A particle is moving in x-y plane such that its velocity is given by vx = 3t2 and vy= 2t .fine average velocity of particle at t=2 seconds
To find the average velocity of the particle at t = 2 seconds, we first need to find the displacement of the particle during the time interval from t = 0 seconds to t = 2 seconds.
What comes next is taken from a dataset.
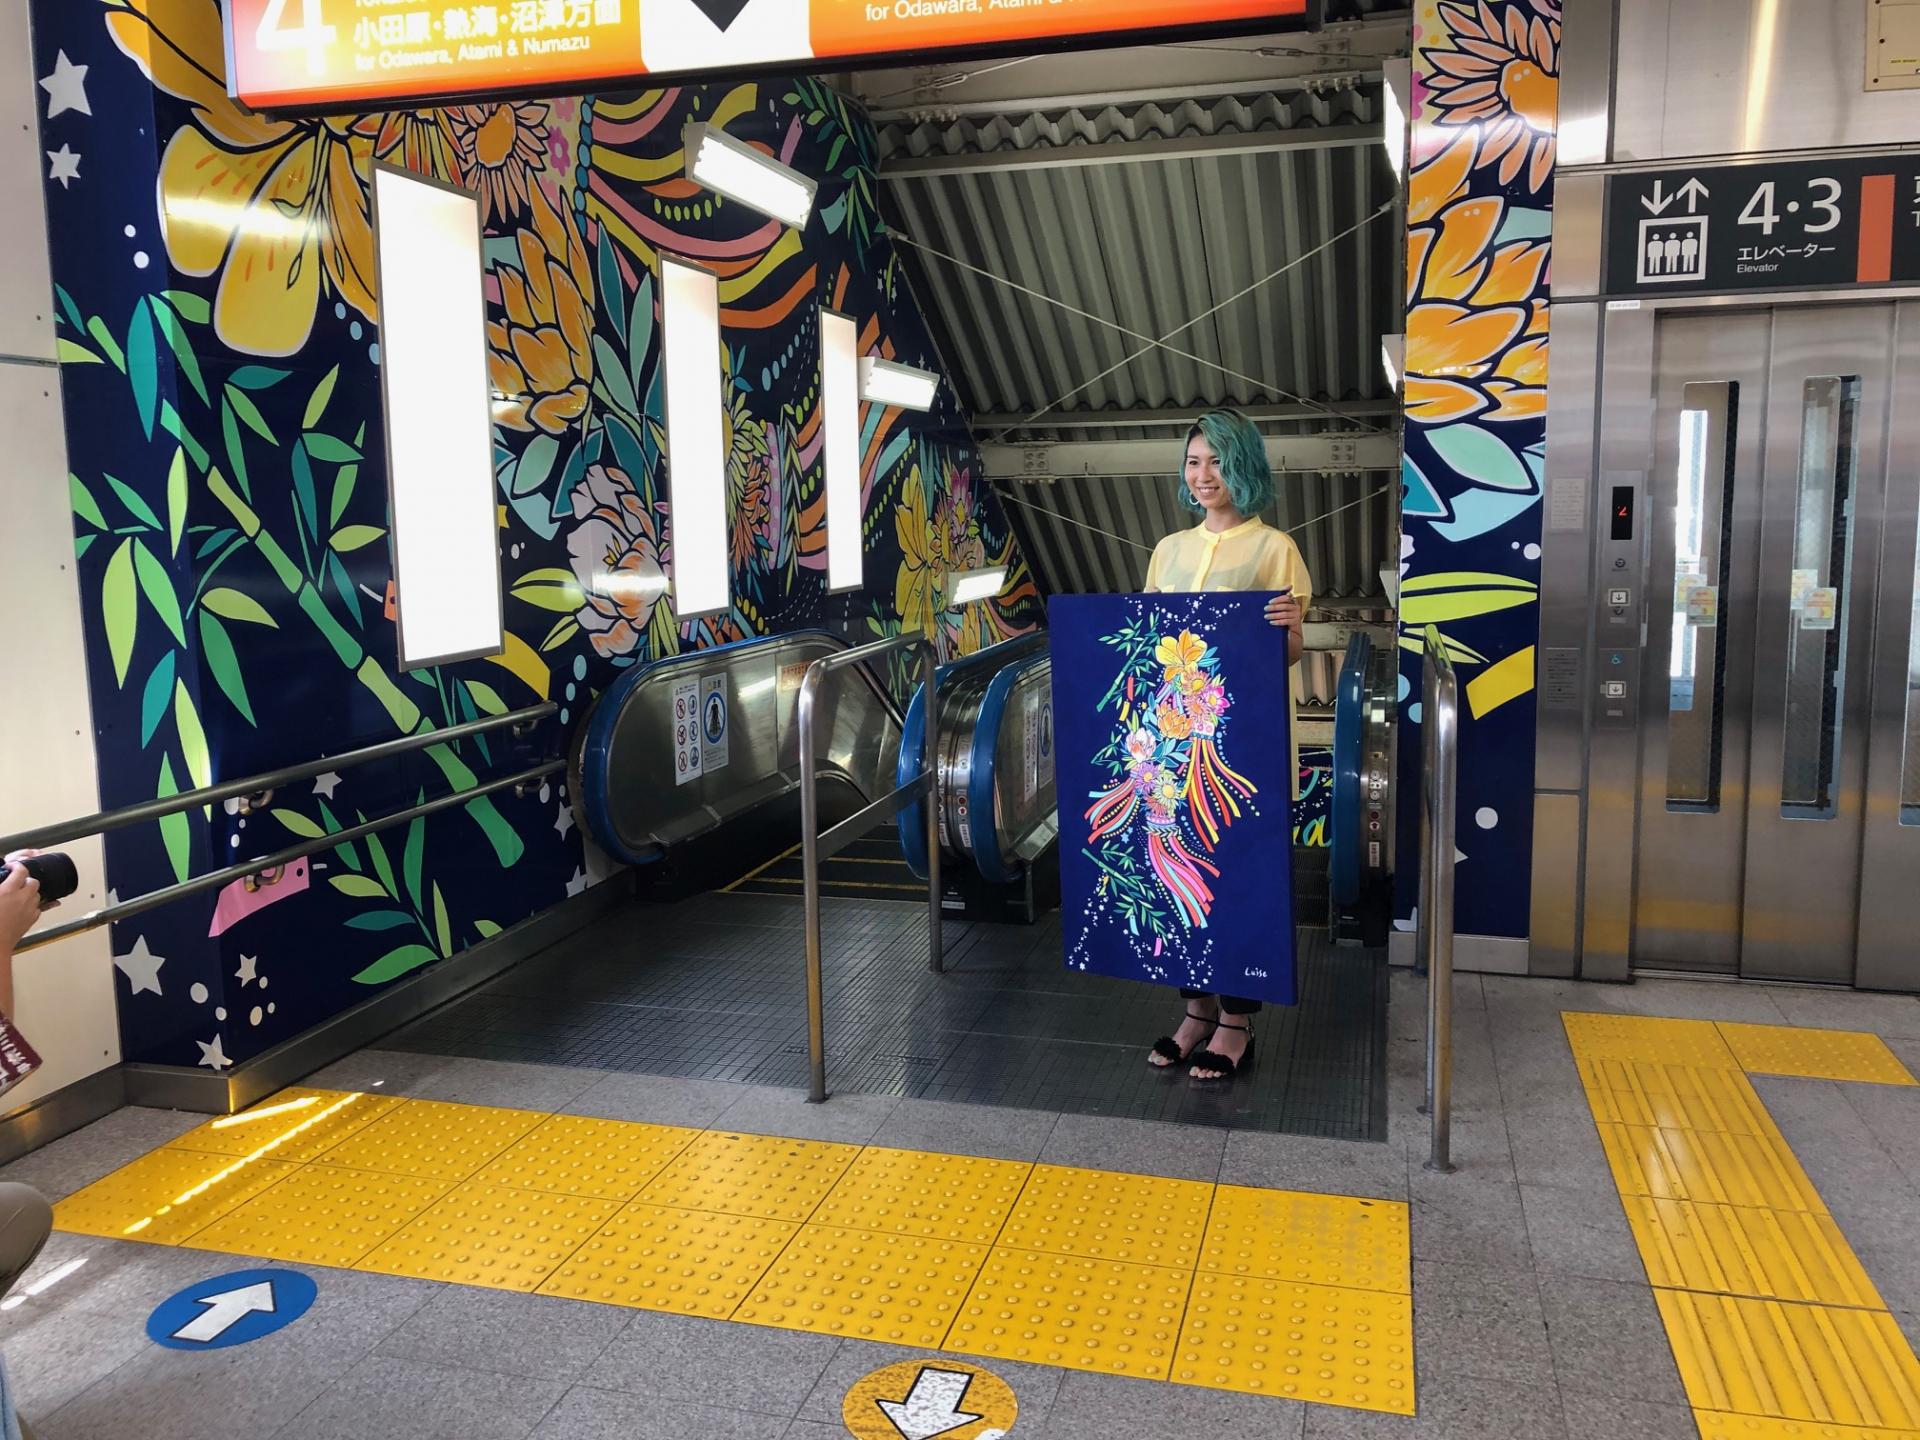 JR東海道本線平塚駅構内エスカレーター壁面のラッピングが完成

The displacement in the x-direction (Δx) can be found by integrating the x-component of the velocity function (vx) with respect to time:
Δx = ∫(vx)dt = ∫(3t^2)dt
Integrating 3t^2 with respect to t, we get:
Δx = t^3 + C
Next, we need to find the value of the constant C. Since we want to find the displacement from t = 0 seconds to t = 2 seconds, we can substitute t = 0 seconds into the equation:
0 = (0)^3 + C
C = 0
Therefore, the displacement in the x-direction is:
Δx = t^3
Similarly, we can find the displacement in the y-direction (Δy) by integrating the y-component of the velocity function (vy) with respect to time:
Δy = ∫(vy)dt = ∫(2t)dt
Integrating 2t with respect to t, we get:
Δy = t^2 + D
To find the value of the constant D, we can again substitute t = 0 seconds into the equation:
0 = (0)^2 + D
D = 0
Therefore, the displacement in the y-direction is:
Δy = t^2
Now, we can calculate the displacement vector (Δr) using the Pythagorean theorem:
Δr = √(Δx^2 + Δy^2)
= √((t^3)^2 + (t^2)^2)
= √(t^6 + t^4)
Finally, we can calculate the average velocity (Vavg) by dividing the displacement vector by the time interval:
Vavg = Δr / Δt
= (√(t^6 + t^4)) / (2 - 0)
= (√(t^6 + t^4)) / 2
Substituting t = 2 seconds, we get:
Vavg = (√((2^6) + (2^4))) / 2
= (√(64 + 16)) / 2
= (√80) / 2
= (√16 * 5) / 2
= (4√5) / 2
= 2√5
Therefore, the average velocity of the particle at t = 2 seconds is 2√5, where √ represents the square root.